Every organization should have an information system including a CMS module or, as an alternative, it should add a stand alone CMS system if it is not supported by the main I.S., since its presence allows to take advantage of what described above.

Platform CMS main features

Platform Enterprise Edition (from version 5.2) provides a basic CMS, including the following features:

  • a CMS engine, through which it can store and retrieve documents, using a UUID identifier for each document

  • organization of documents in folders

  • definition of metadata for each document type, stored in a specific folder

  • optional support for versioned documents, i.e. the simultaneous storage of all versions for the same document name

  • optimized for storaging up to 16 billions documents (in the server file system)

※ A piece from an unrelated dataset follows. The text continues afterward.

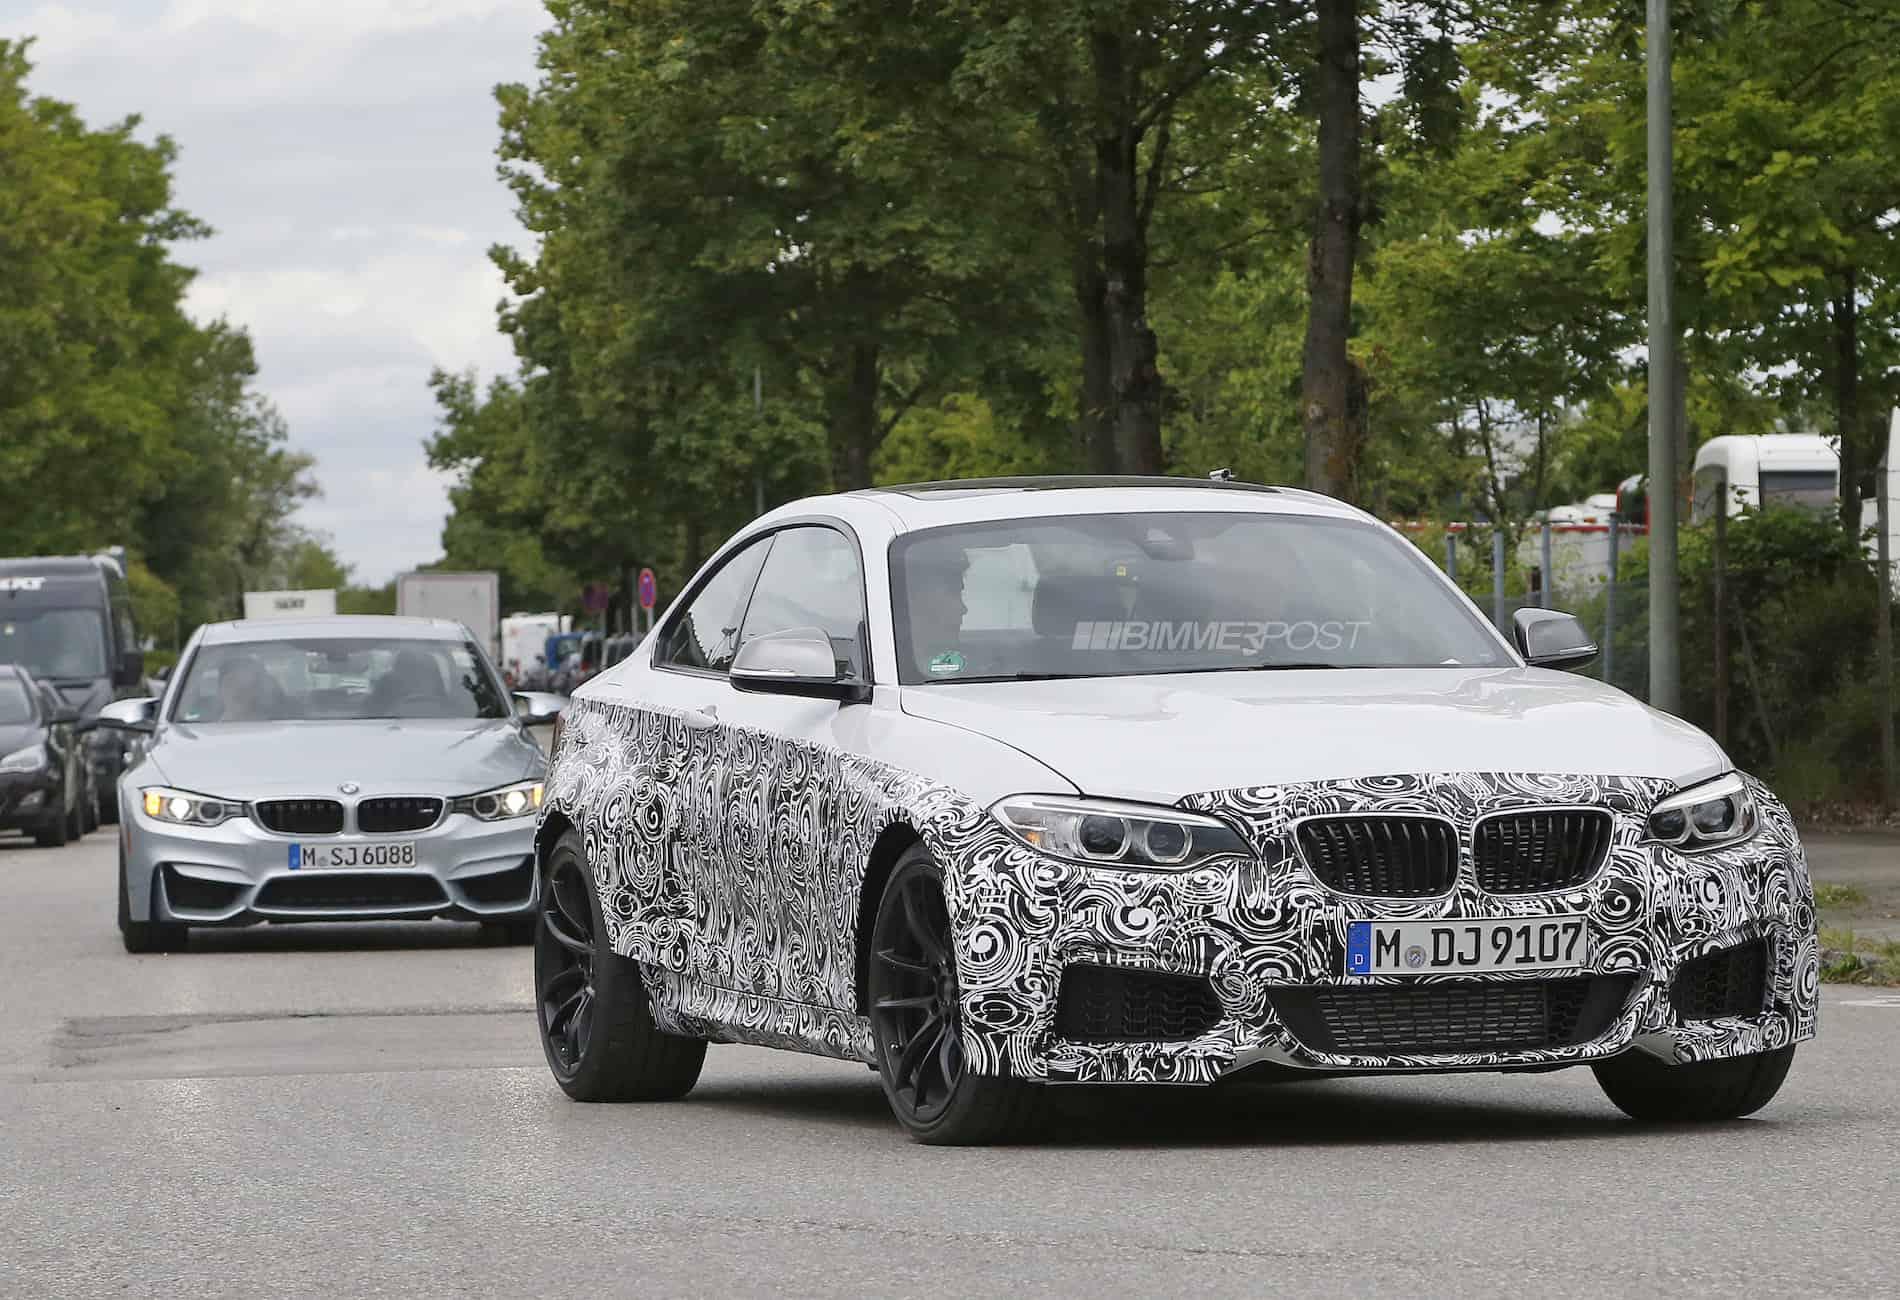 BMW M2 Erlkönig Bimmerpost

  • definition of any number of filtering/sorting conditions for documents

  • upload/download/preview of documents

  • bulk import of documents from an external FTP server or from the server file system, combined with a CSV file containing metadata linked to files

  • optional backup of documents in input folders

  • custom logic (expressed as server-side javascript actions), which can be executed before importing every row in the CSV, in order to perform additional checking and optionally skip the row importing

  • custom logic (expressed as server-side javascript actions), which can be executed just after importing a row in the CSV, in order to perform additional enquiry and fill data for the same record

How to use it

The CMS module is fully integrated with the rest of the Platform and is based on the availability of one or more database tables, used to store the metadata linked to the imported documents. The constraint to respect in order to make it working, is the definition of a field in the table used to maintain the document metadata. Such a field must be a text field having a length of at least 36 characters and will be used to store the UUID (universal unique identifier), identifying a specific file. In this way, every record is linked to a specific document. Once designing and created one or more tables, representing your document types and used to store the corresponding metadata, the next step is executing the reverse engineering process and let Platform define the data models for each tables. At the same time, Platform will create also a series of business components, useful to fetch a list of documents and a single document.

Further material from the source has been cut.